Hank gave a soft laugh. “Like hell I am. It actually felt really good.” He bobbed his head in a goodbye to Kerra, then left them.
The bell above the door jingled as he went through. The two old men had moved from auto makers to football teams but were still arguing. Seated on a stool behind the cash register, the waitress was flipping through a tabloid magazine.
Trapper picked up a french fry and studied it as he twirled it between his thumb and index finger, then dropped it back onto his plate.
“No longer starving?” Kerra asked.
“No.” He noticed that her food had also gone untouched. “What’s spoiled your appetite? Sitting next to me?”
“Trapper—”
Before she could say anything more, he got out of the booth, pulled a twenty-dollar bill from his pocket, and placed it on the table. “That should cover it.” He set a key fob on top of the bill. “Keys to the maroon car. Your bag is already in it. I doubt you know how to hot-wire, so I’ll use your car. I’ll get it fixed for you. In a day or two, we’ll figure out where and when to make the switch. Phone.”
From a coat pocket, he produced a cell phone and battery. While he was inserting it, he said, “This is the number yours has been forwarded to. You can undo it when you reunite with your phone. Be careful driving back.”
“Wait a sec. You’re just leaving? Like this?”
He paused to take her in. Eyes, beauty mark, mouth. She was everything desirable, and he wanted her.
But he made trouble. He wreaked havoc and made people miserable.
Like Marianne.
Like Glenn.
Like his father.
He was poison.
“I didn’t want this to be my life, you know,” he said. “It just is.”
As Trapper drove through the gate, the wind whipped up a dust devil between him and the horizon. He braked and watched as it cut a swath across the ground. For a minute or more, it spun with furious energy, kicking up everything in its path.
Then
, as though exhausted by its own futility, it disintegrated.

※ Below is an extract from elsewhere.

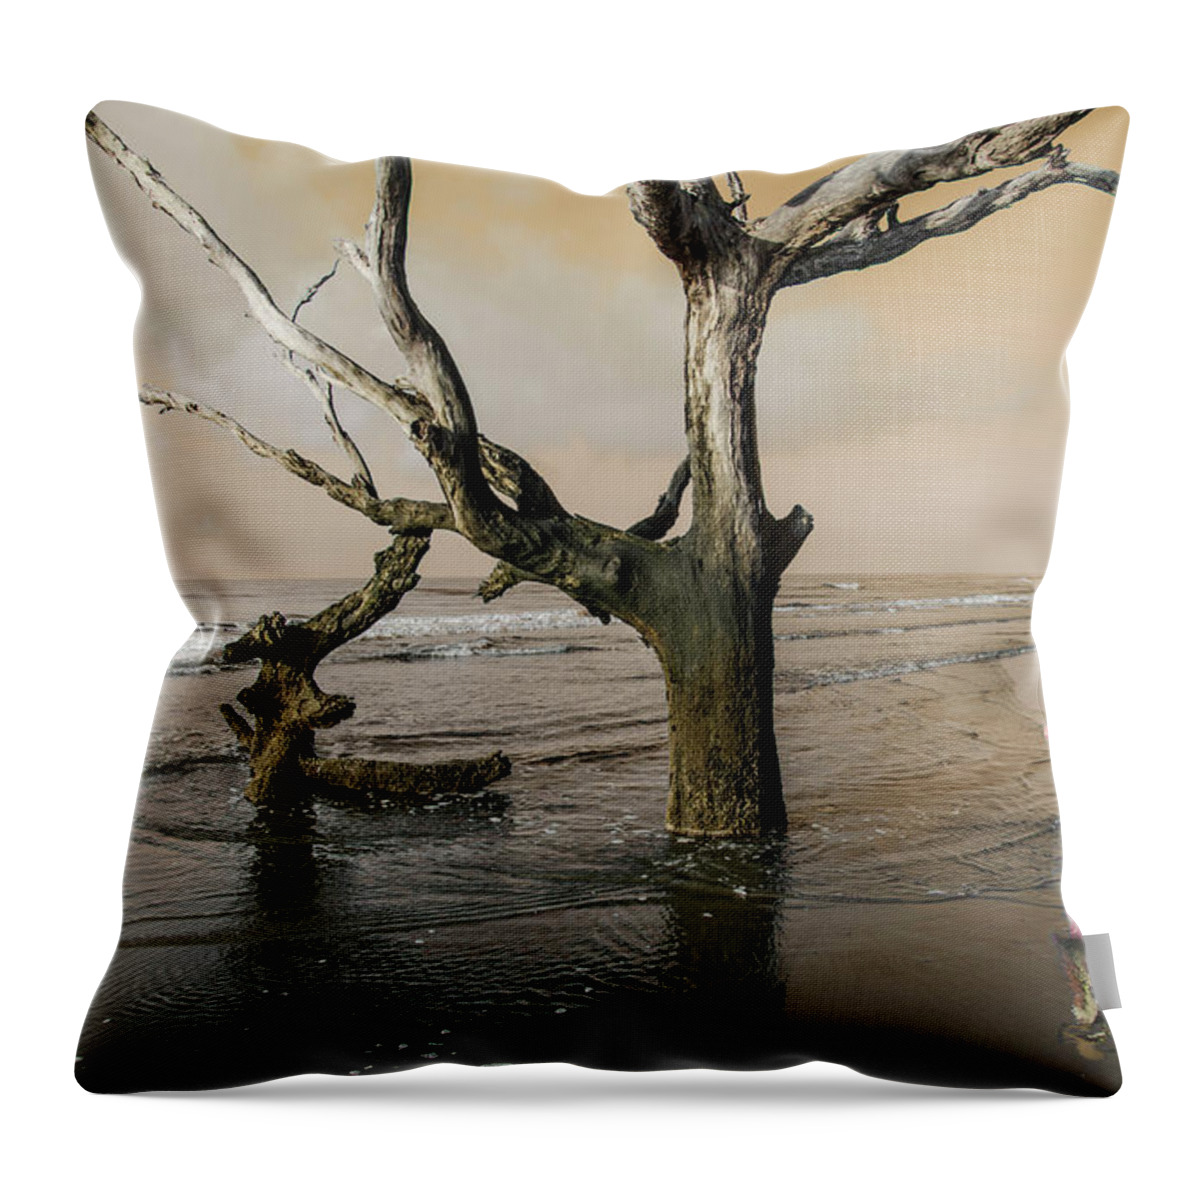 Ocean Throw Pillow featuring the photograph Beachcombing by Jim Cook

Except for the damage left in its wake, no one would have known it had been there, raging but aimless.
Trapper continued up the drive toward the house. One end of a strip of crime scene tape had come loose. The yellow ribbon snapped in the wind, whisking the windshield as he brought Kerra’s car to a stop just short of the porch.
He left the engine running when he got out. The front door was locked, but he knew where The Major had always kept the spare key, and it was there, resting on the third support to the left under the eaves.

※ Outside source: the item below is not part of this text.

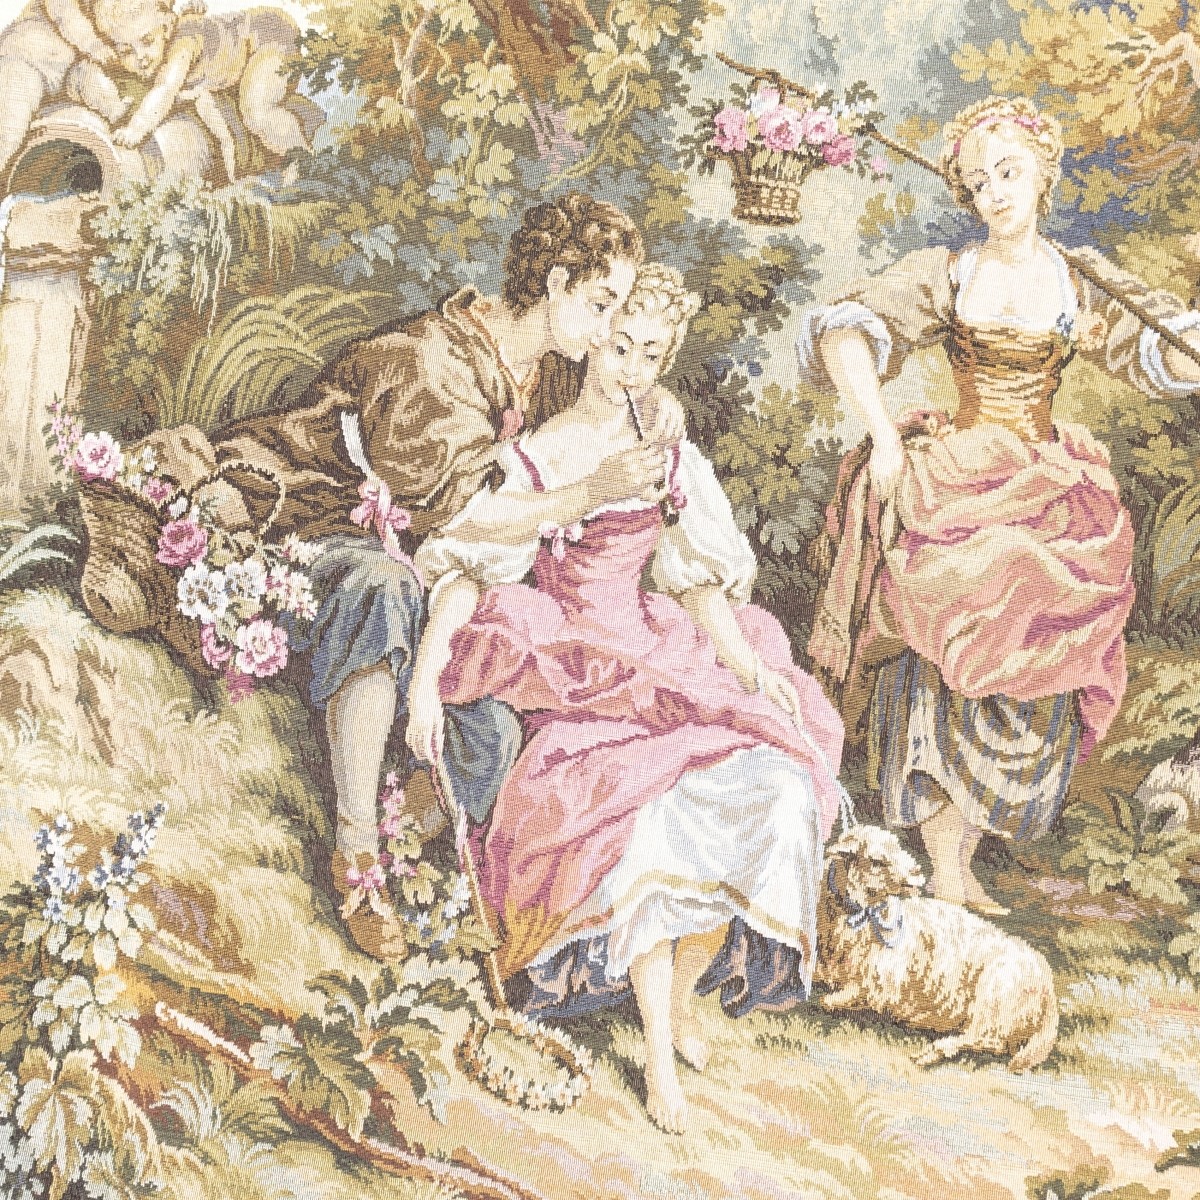 Modern Aubusson Style Tapestry

The crime scene techs had been thorough. There were markings on the floor where measurements had been taken. Tiny plastic tents in varying colors showed where pieces of evidence had been collected. Black dust coated articles from which fingerprints had been lifted.
He avoided touching anything as he made his way first into the kitchen. He gave it a cursory glance, seeing nothing in it to indicate that it had been an area of interest to the investigators.
Leaving it, he crossed the main room and entered the hallway. The door to the powder room was missing, taken as evidence, battered latch and all. The window through which Kerra had escaped was intact, the upper and lower sections locked together. He marveled that she could have squeezed through a space so small, but then panic and adrenaline enabled people to accomplish amazing feats.
He continued down the hall. He’d never lived in this house, but when The Major and his mother had moved to Lodal from Dallas, she’d designated a guest bedroom as Trapper’s room, making it homey and personal to encourage frequent visits. The wall opposite the bed served as a photo gallery, with all the pictures framed identically and attractively arranged.
Trapper stood before it now and studied the collection that more or less chronicled his life. He could have marked the year of the Pegasus Hotel bombing just by looking at the photographs.
In the pictures taken before it, his dad was beside him, hand on his shoulder, grinning proudly into the camera as they held between them a fishing pole sporting a catch, an athletic trophy won at summer camp, a Boy Scout sash with badges attached. Snapshots captured other such milestone markers up to age eleven.
In the pictures taken after that, Trapper was alone.
The bedroom had been left undisturbed by the investigators. Trapper touched nothing in it now. Although the room had been prepared for him, he was never homesick for it. The things in it belonged to him, but he felt no emotional connection to anything, no compulsion to claim ownership. They were stage props.